Were Yale a public institution, due process requirements might ultimately outweigh an internal confidentiality rule should a student believe that his or her right to due process had been violated. Since the 1961 federal court ruling on Dixon vs. Alabama, in which six students brought Alabama State College to court after having been expelled without a hearing (presumably for their involvement in civil rights demonstrations), federal law has dictated that public universities can no longer act in loco parentis — “in place of a parent” — to discipline their students without first providing due process.

Because Yale is a private institution, it isn’t held to that due process standard. And because Yale isn’t a governmental institution, students don’t have First Amendment rights when it comes to Yale prohibiting them from speaking, either. Put simply: If Yale wants to impose a quiet rule on ExComm, it can. This was demonstrated in 2004, when a Yale student who had been accused of cheating on a chemistry exam six years prior and suspended for the subsequent two semesters sued Yale in the Connecticut State Court (Okafur vs. Yale University). Her claim was based primarily on the fact that her residential college dean had advised her during the process, and not a licensed attorney.

“No civil claim can be based on an alleged violation of constitutional rights,” the judge ruled, later adding, “Note that the rules at Yale specifically say that the adviser is not an advocate…but rather ‘a source of personal and moral support.’”

What’s at play in this ruling is a general application of contract law — that is to say, Yale need not provide due process to its students (much in the same way that it needn’t pay heed to the First Amendment), and is free to ExComm again and again any student who fails to maintain confidentiality  — likely under a “Defiance of Authority” clause. 

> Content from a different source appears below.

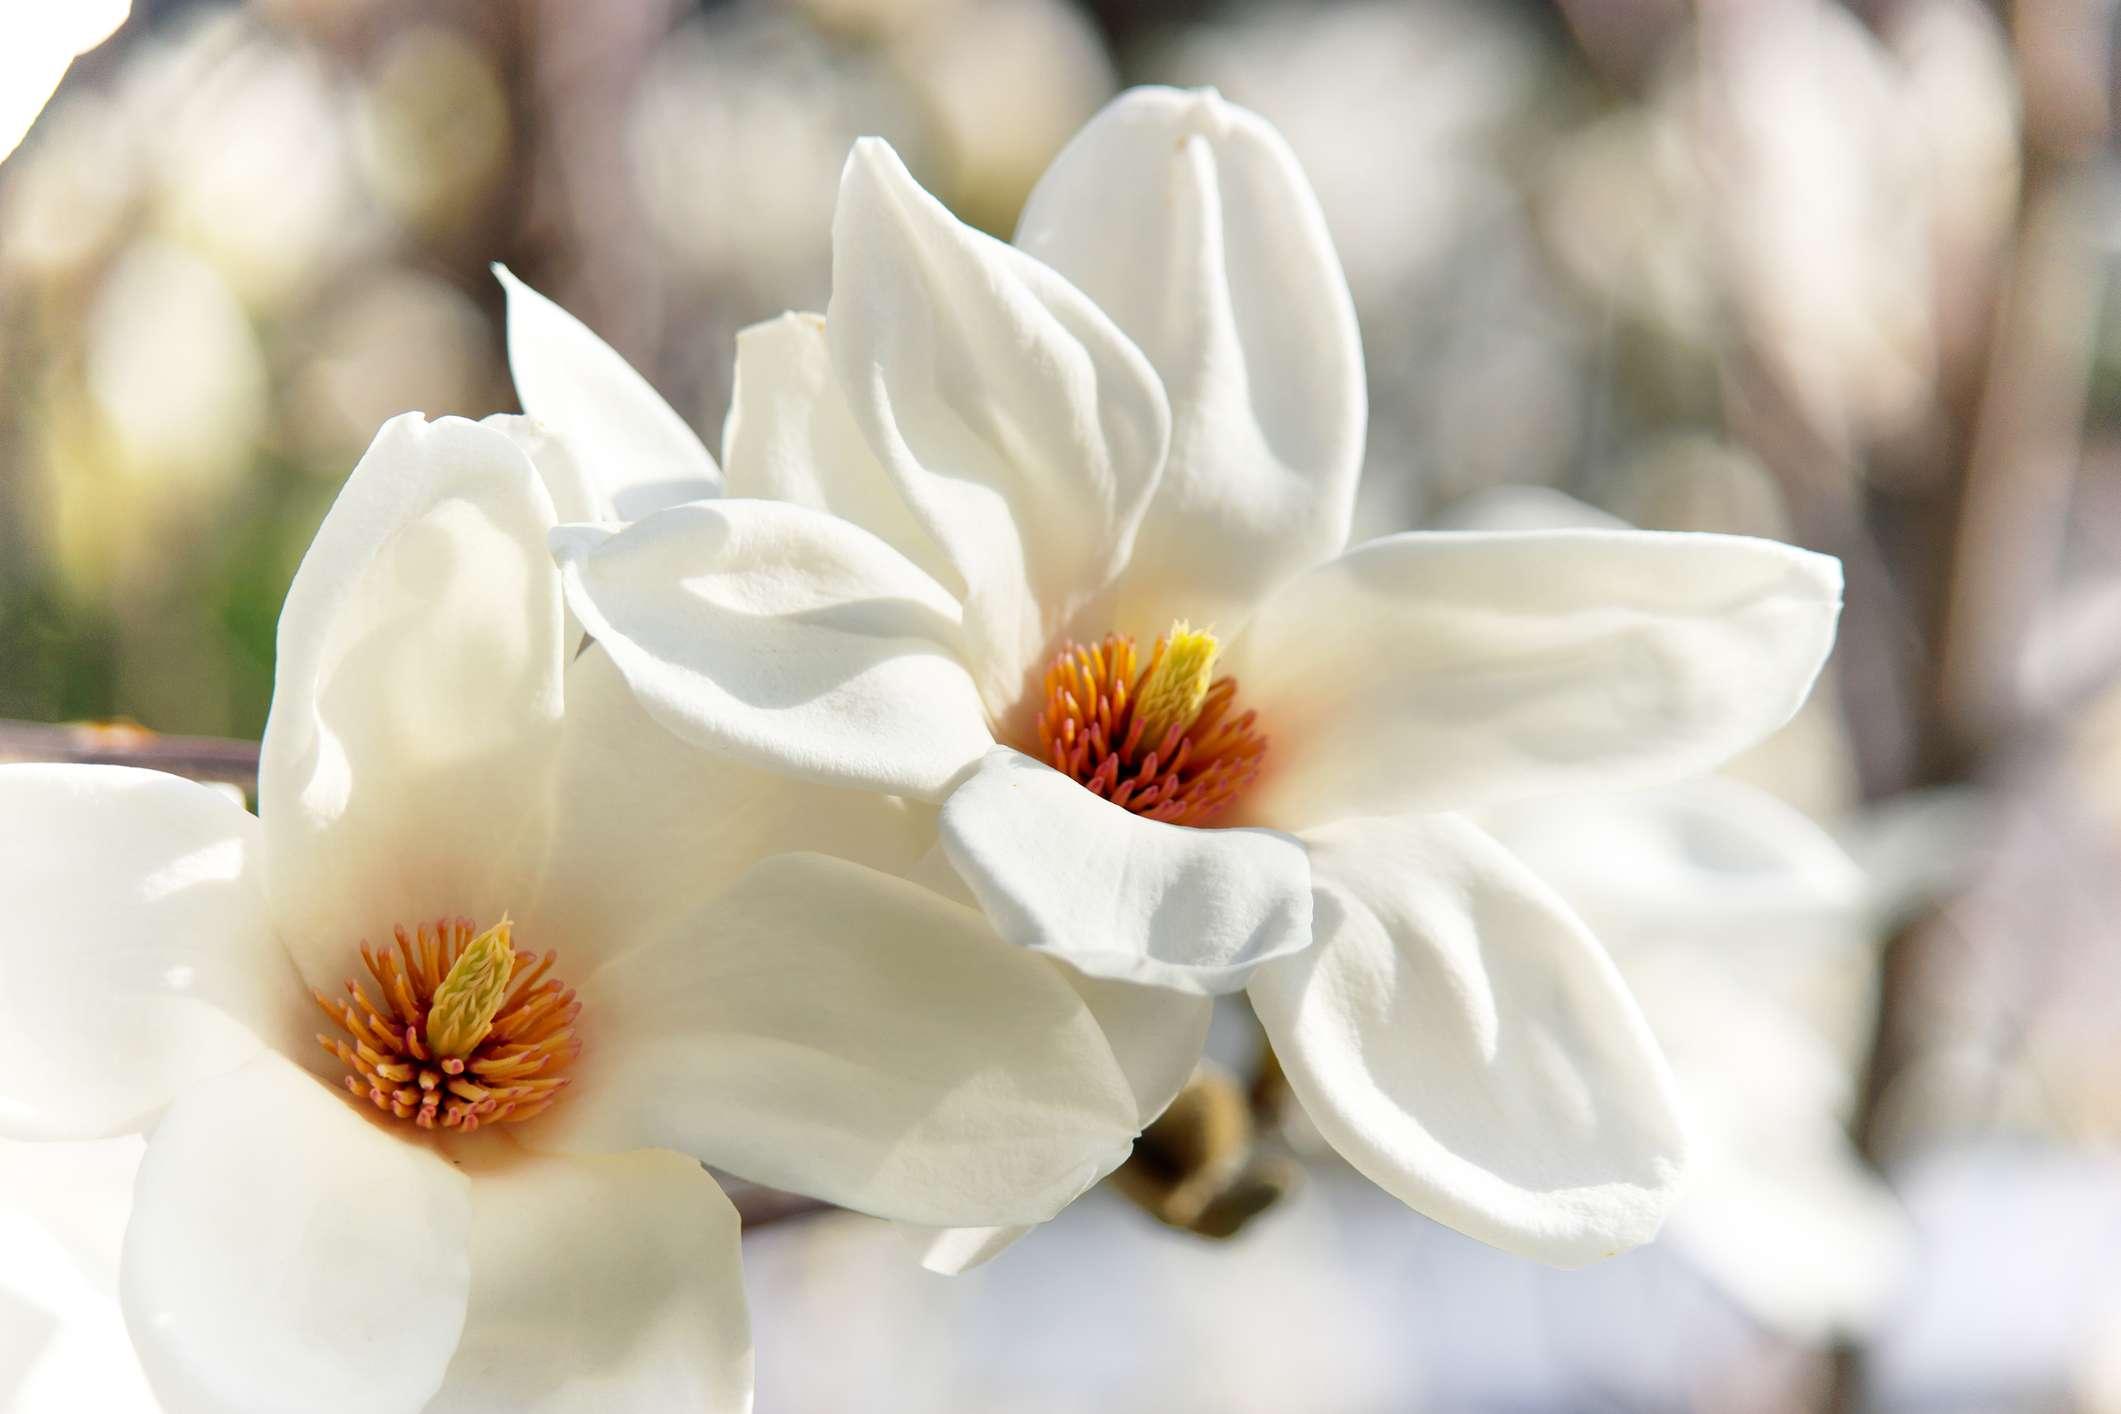 closeup showing reddish-orange seeds of the kobus magnolia

According to Pamela George, no student has ever been charged for such an offense, because, to her knowledge, no student has ever gone public. When I ask her if there are any potential ramifications for students who speak to me for this article, she hesitates. There was a student fairly recently, she tells me, who was charged with “Misconduct at a formal hearing” after erroneously representing the outcome of his ExComm case to a professor. Should the ExComm accounts in my article contain errors or falsehoods, she explains, the students who provided them could meet a similar charge. Later, I look up “Misconduct at a formal hearing” in the Undergraduate Regulations, and find that it has nothing at all to do with “publicly sharing erroneous info intentionally,” as George puts it. It’s a rule about misrepresentation or lying during a formal hearing.

As a private university, Yale is understood by most courts as being bound to the contract established by its Undergraduate Regulations. But with ExComm as opaque as it is, there’s little incentive for Yale to adhere even to its own rules, and even less hope that the University will be held responsible where it does not. At a point, the only actual safeguard available to students in disciplinary proceedings is a general but difficult-to-apply promise that disciplinary treatment will not be “arbitrary and capricious.”

ExCommunicated

Sitting in Yale College DeanJonathan Holloway’s wood-paneled first floor office of SSS, three floors below the Executive Committee’s regular meeting place, I find myself thinking that “arbitrary and capricious” treatment by ExComm is hardly a concern. Holloway is eloquent, thoughtful, and seems willing to engage — his response to my initial email request for an interview acknowledged the need for confidentiality, but concluded, “I remain happy to sit down with you.”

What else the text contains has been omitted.